Join us for Celebration worship services, in-person and online, every Sunday at 10 a.m.

Daffodils and metaphors

Friends,

On Monday my phone jangled out the announcement of an incoming tweet from Alameda County’s emergency notification system. “It’s gonna be cold,” warned the words on my phone’s screen. “It might even snow.”

I walked outside and had a look at the two volunteer daffodils that, over the weekend, had popped up in my back yard. They were in full and glorious bloom. To be looking at a blooming flower while thinking about the possibility of snow is something that should have surprised me, but it actually made me feel normal and comforted, because I was experiencing winter and spring at the same time, and it felt like a good metaphor for what happens to me in life. More than once I have been happy and sad at the same time. I have been homesick while relishing adventures. I have been lonely while enjoying much-needed solitude. I have experienced a deep connection to God while at same time doubting God’s existence. All of this makes me feel a little bit confused and out of whack, but then we live in a world where daffodils bloom twenty four hours before the onset of a February freeze. So maybe inconsistency, juxtaposition, and contradiction are the way of the universe. Maybe the way I live my life is in harmony with creation. Maybe I’m not the crazy one.

This is why religion needs to speak in the language of metaphor: I’ve known for a long time that people’s lives are marked by emotions, ideas and inclinations that don’t fit into tidy, linear categories. We all sit with feelings that confuse us, but simply stating that truth does not have the power to comfort me in the same way I am comforted by the daffodil that bloomed too early and the storm that came late. Metaphors are messy and can fill in the gaps between logical propositions.

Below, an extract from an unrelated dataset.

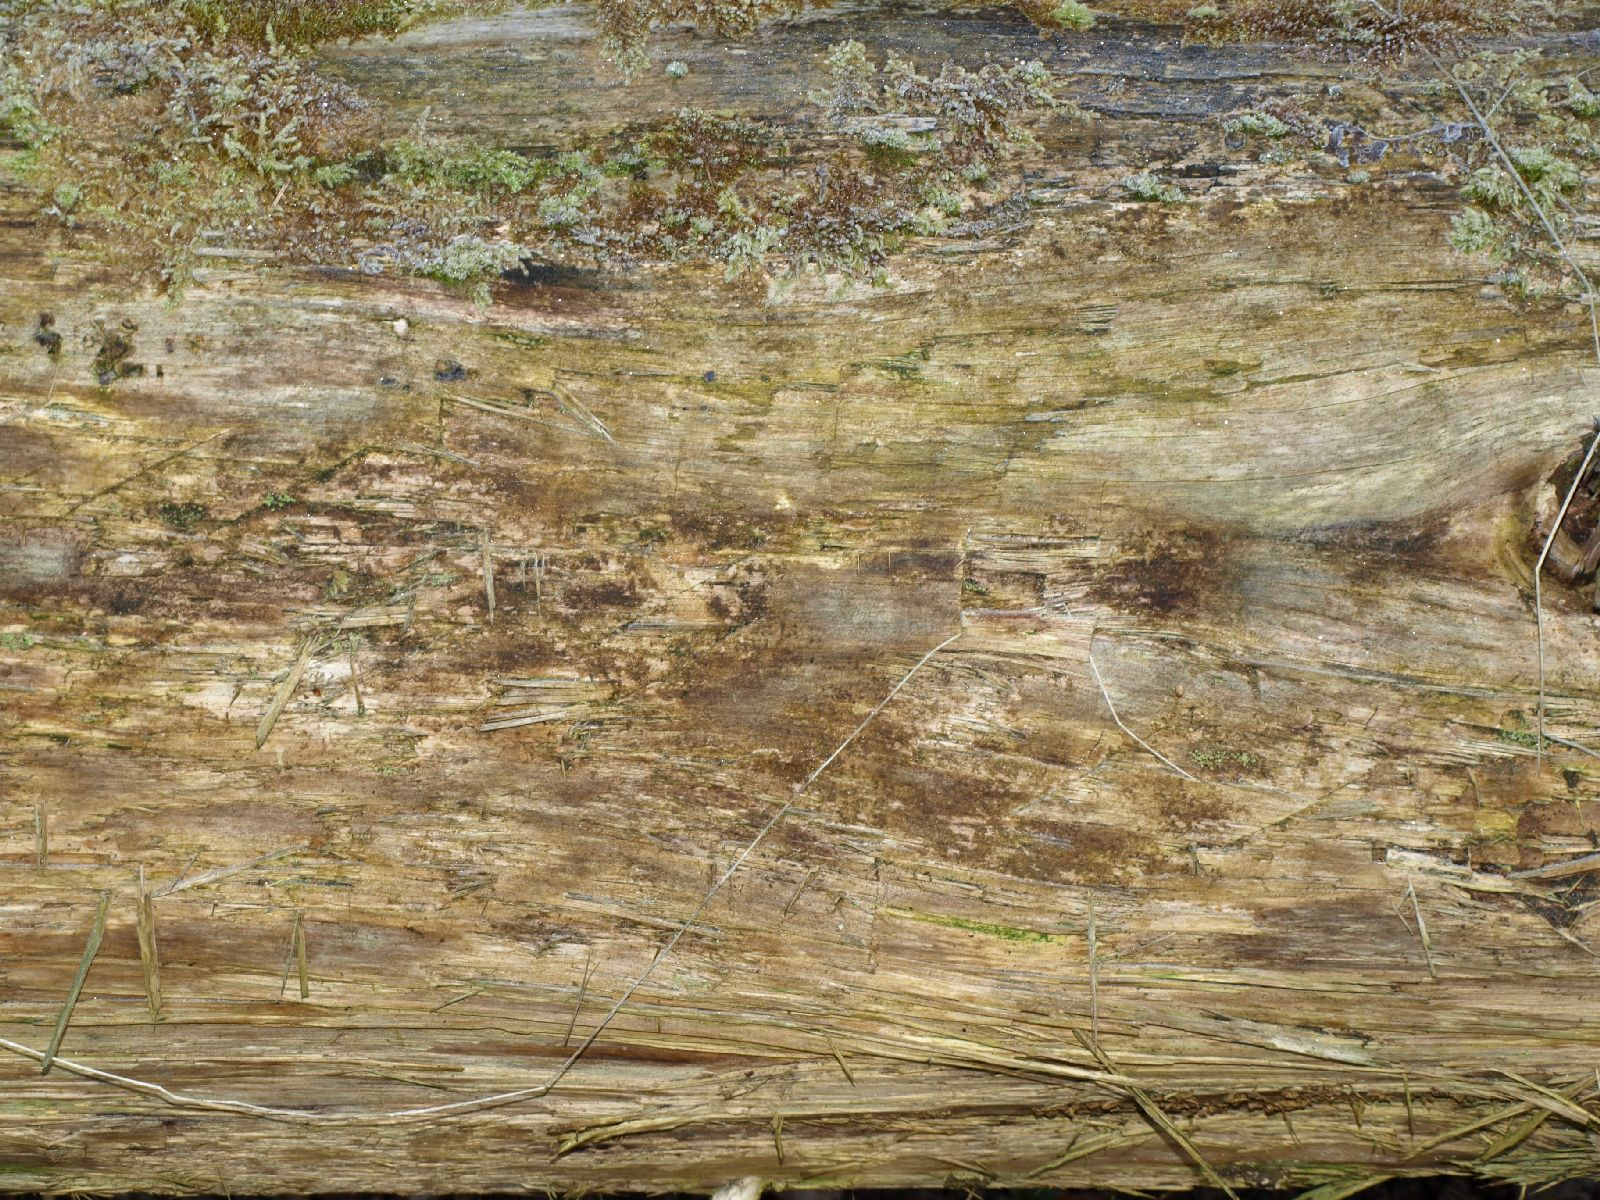 Holz_Textur_A_P4080192

But no metaphor is perfect, and that’s the rub. I have found that some folks get uncomfortable with metaphors that aren’t perfect, that don’t fit an idea described with a hermetic seal. So, for example, a person might say that my winter daffodil is not a metaphor for mixed emotions or conflicting inclinations (as I understand it) because the daffodil only bloomed early thanks to global warming, and that what I have observed is not a lesson in health but a description of a dying planet.

Which might be true, but even so it still can be a metaphor, because the beauty of metaphors is that they don’t have to be perfect. They are an approximation we can use so that when we speak of spiritual mysteries we don’t have full knowledge of what we cannot fully know anyway.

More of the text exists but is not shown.